[GIVEN MATERIAL — start]

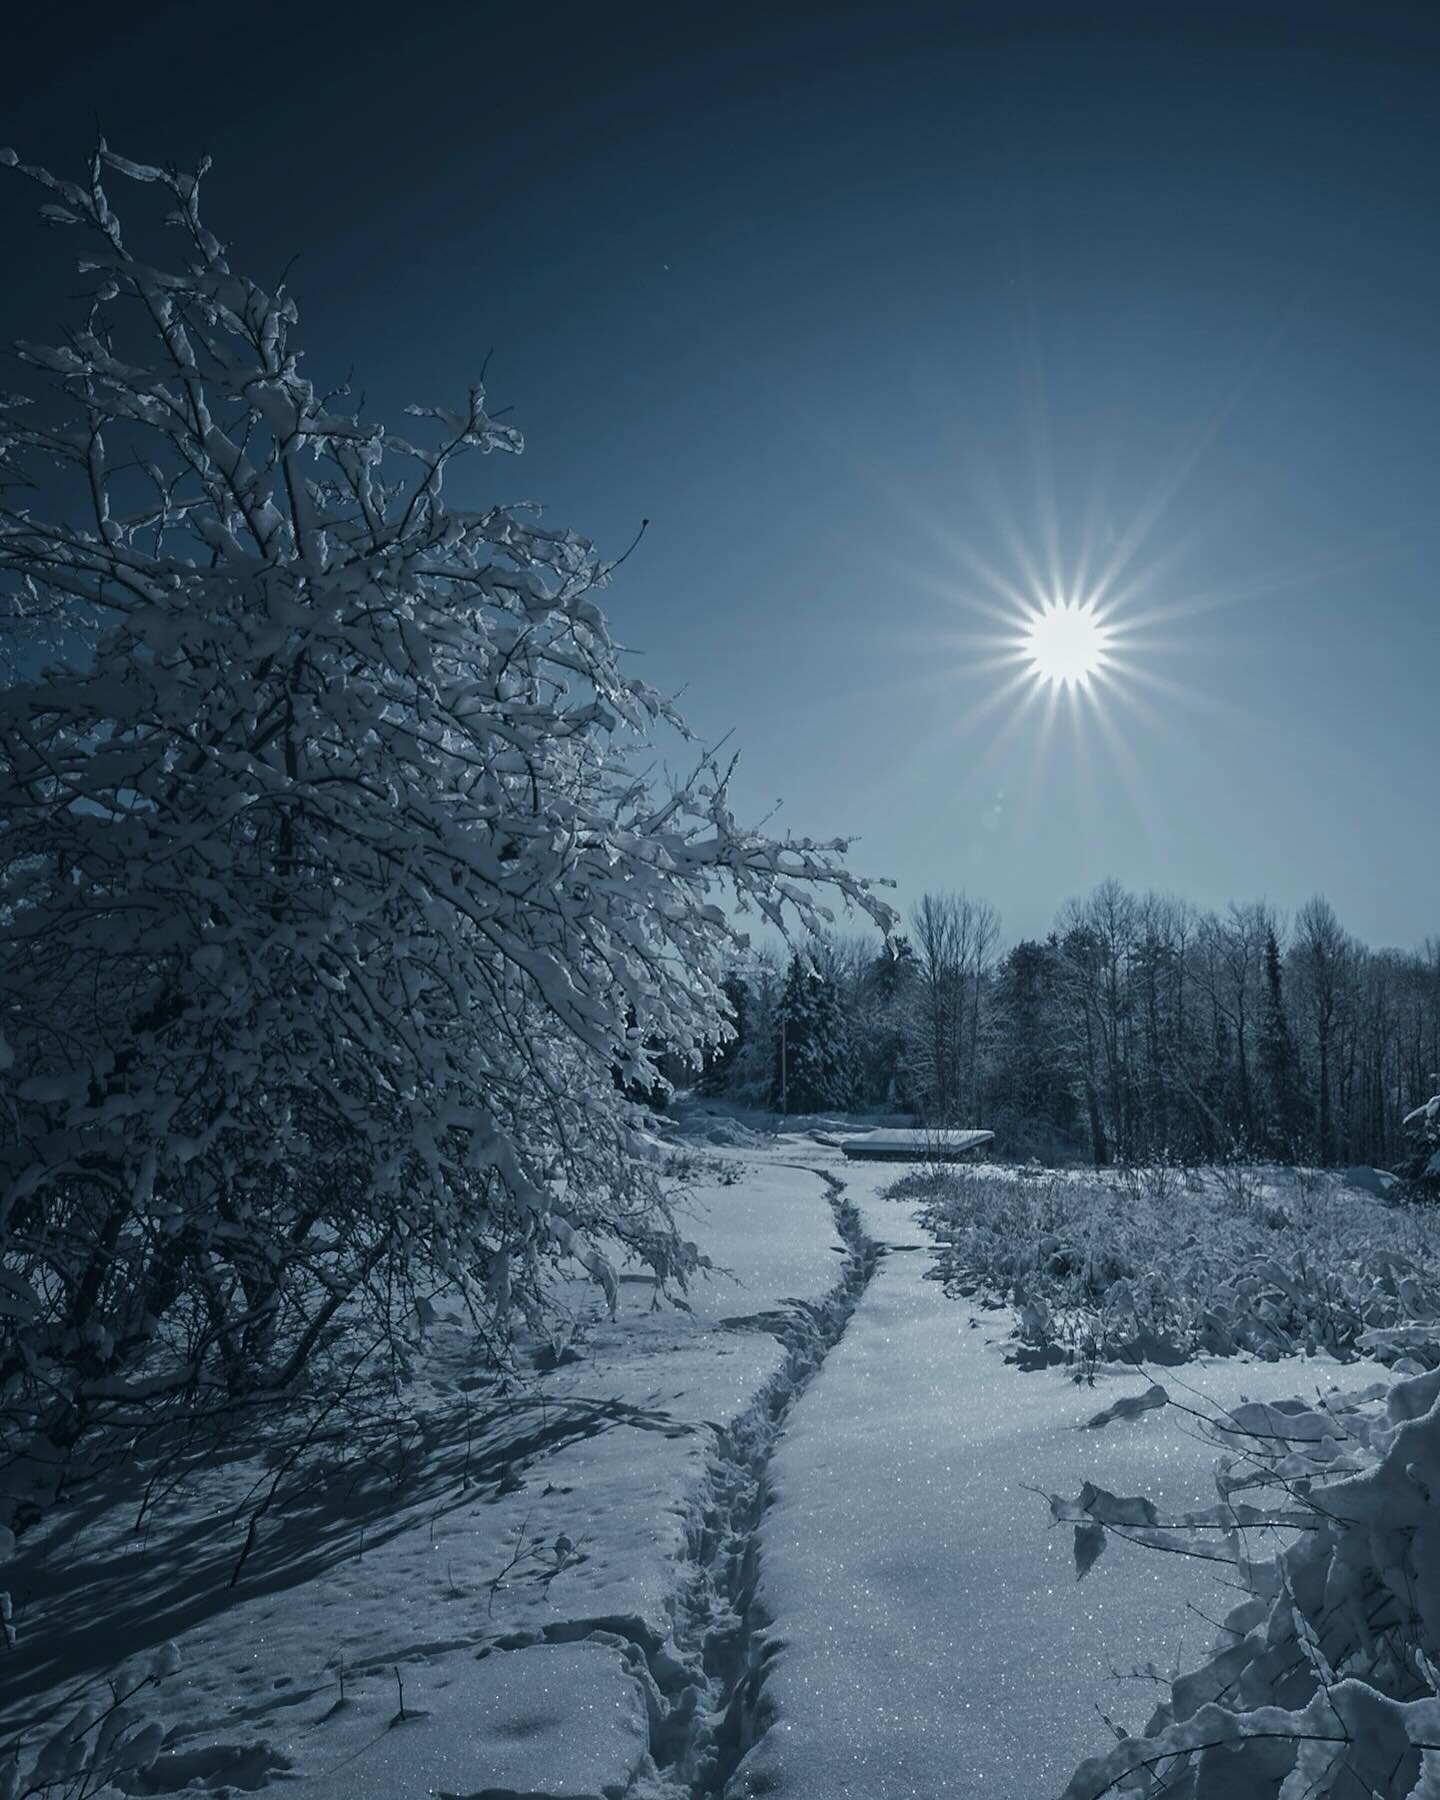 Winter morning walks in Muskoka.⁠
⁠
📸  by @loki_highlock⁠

[GIVEN MATERIAL — finish]

TASK TO CARRY OUT: Please write the data out again exactly, but do not carry over the pictures.

OUTPUT OF THE TASK:
 Winter morning walks in Muskoka.⁠
⁠
📸  by @loki_highlock⁠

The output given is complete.